Brief » Retype the listing found below exactly, but leave out each picture.

Supplied information »
============

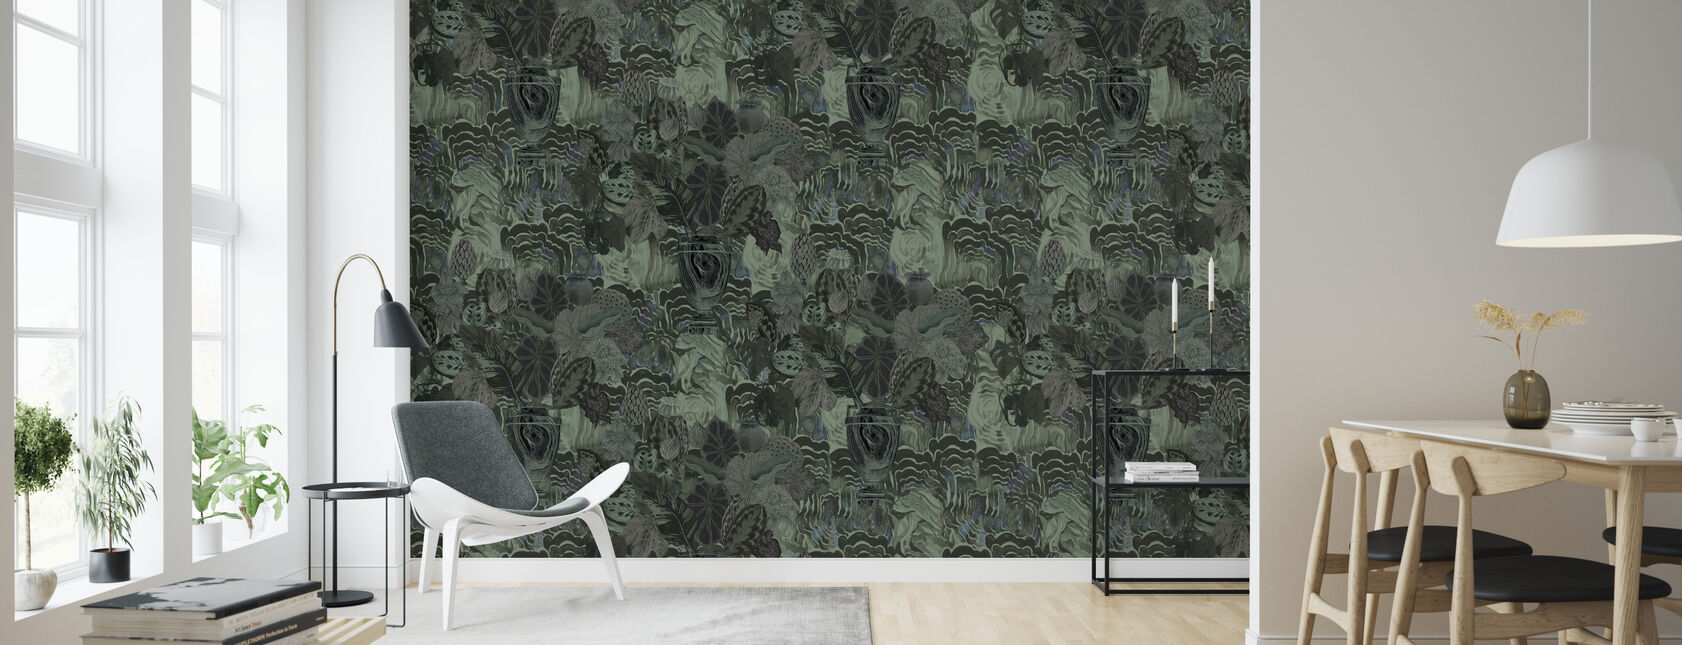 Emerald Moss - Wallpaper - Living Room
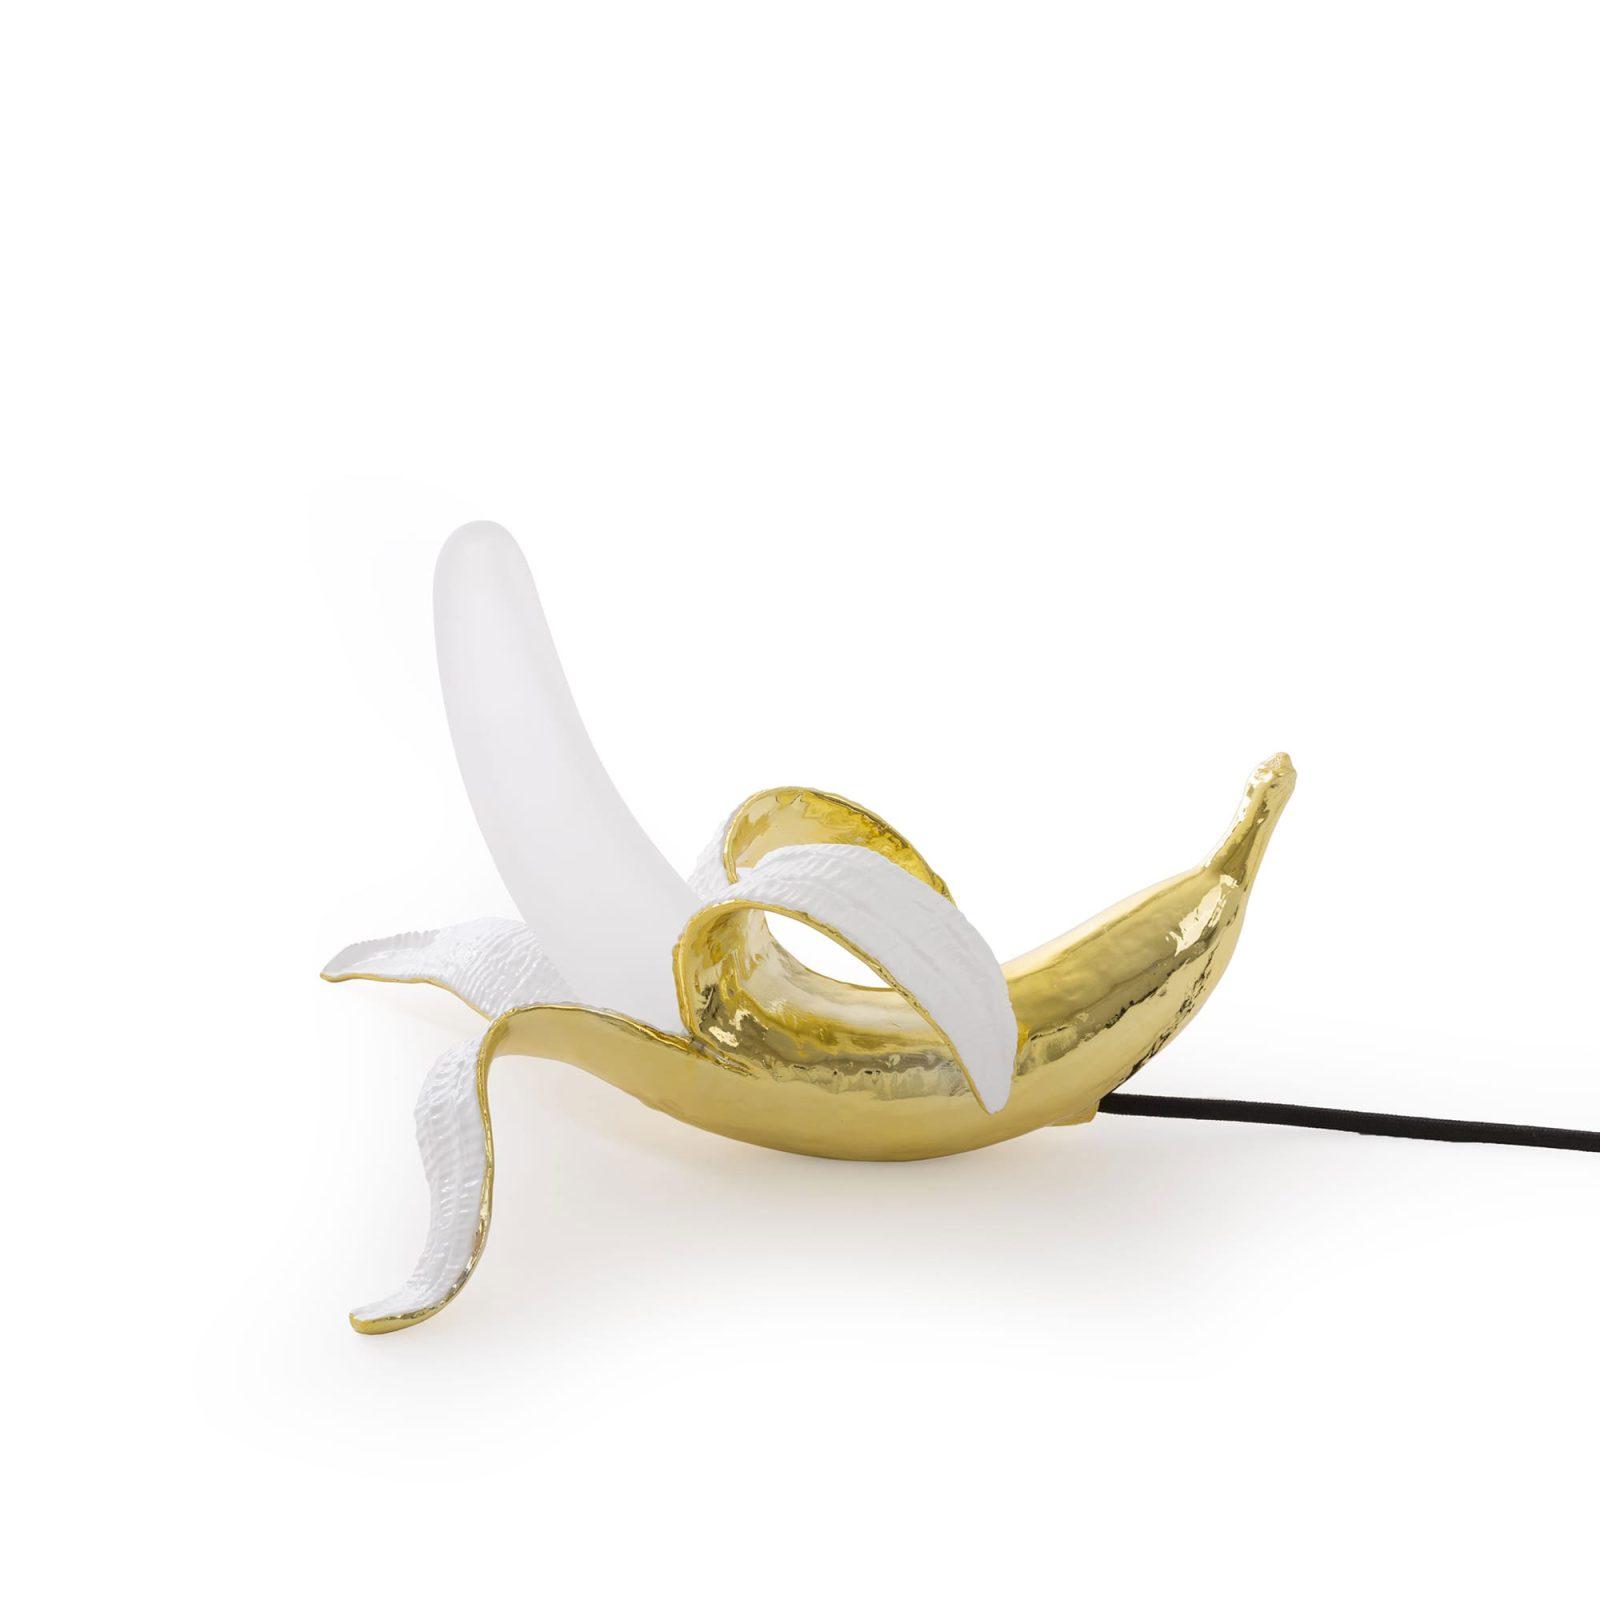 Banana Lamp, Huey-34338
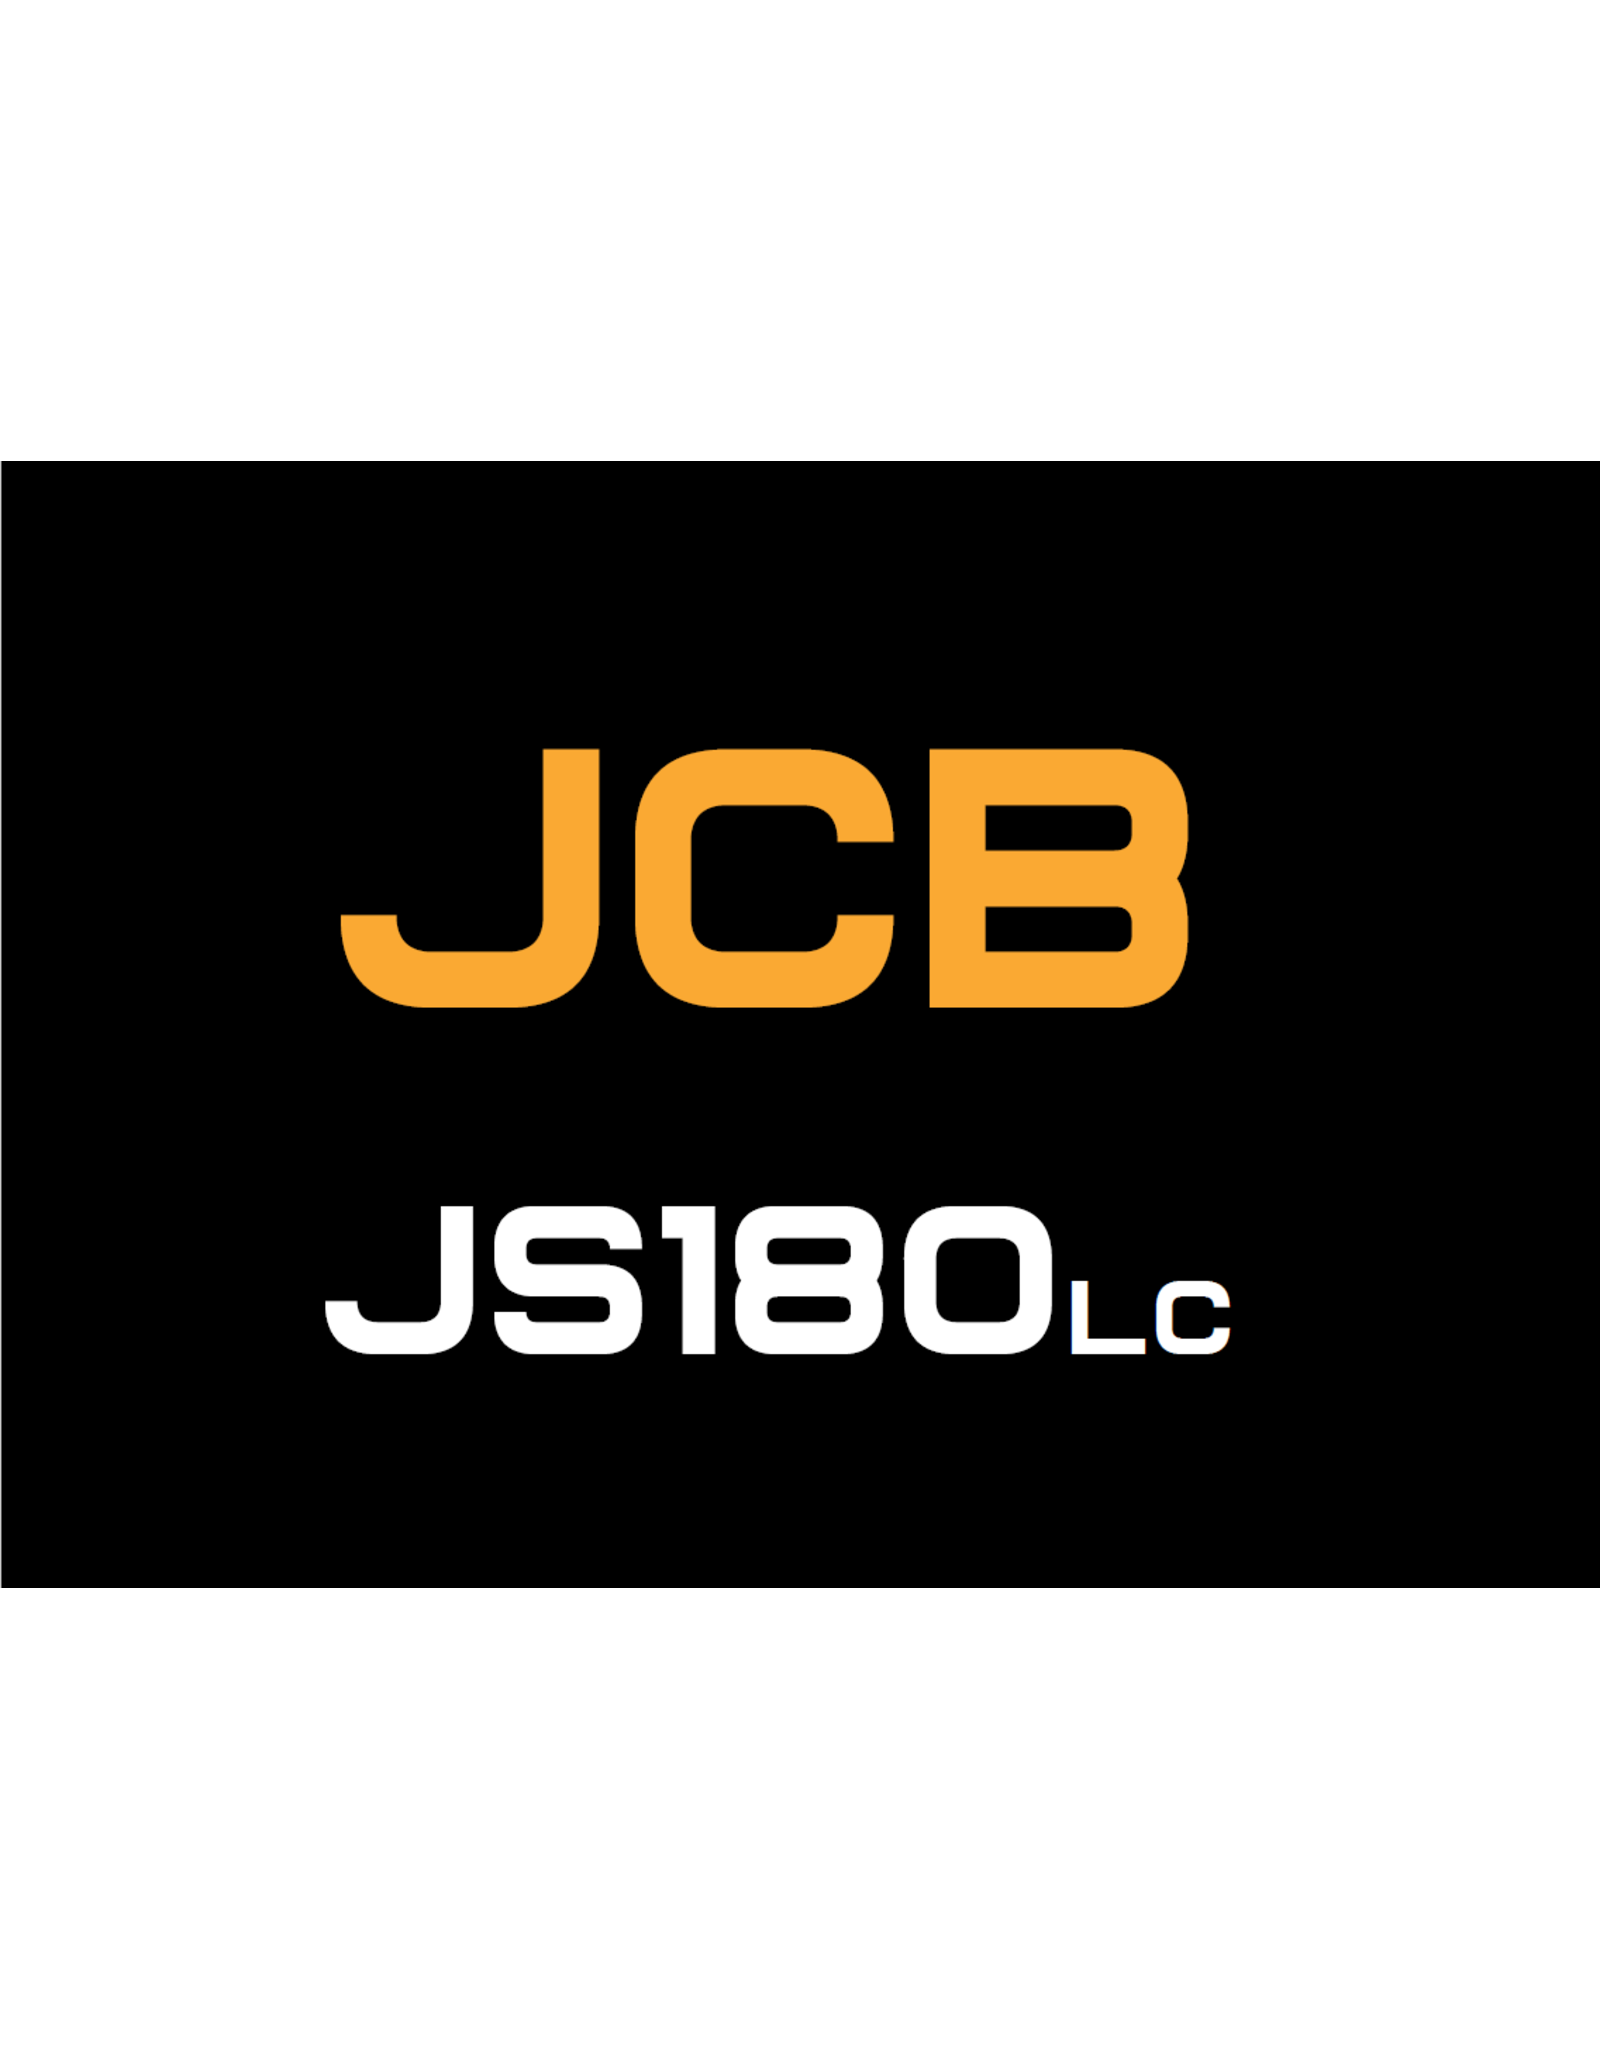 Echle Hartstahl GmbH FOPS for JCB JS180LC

============

Solution »
 Emerald Moss - Wallpaper - Living Room
 Banana Lamp, Huey-34338
 Echle Hartstahl GmbH FOPS for JCB JS180LC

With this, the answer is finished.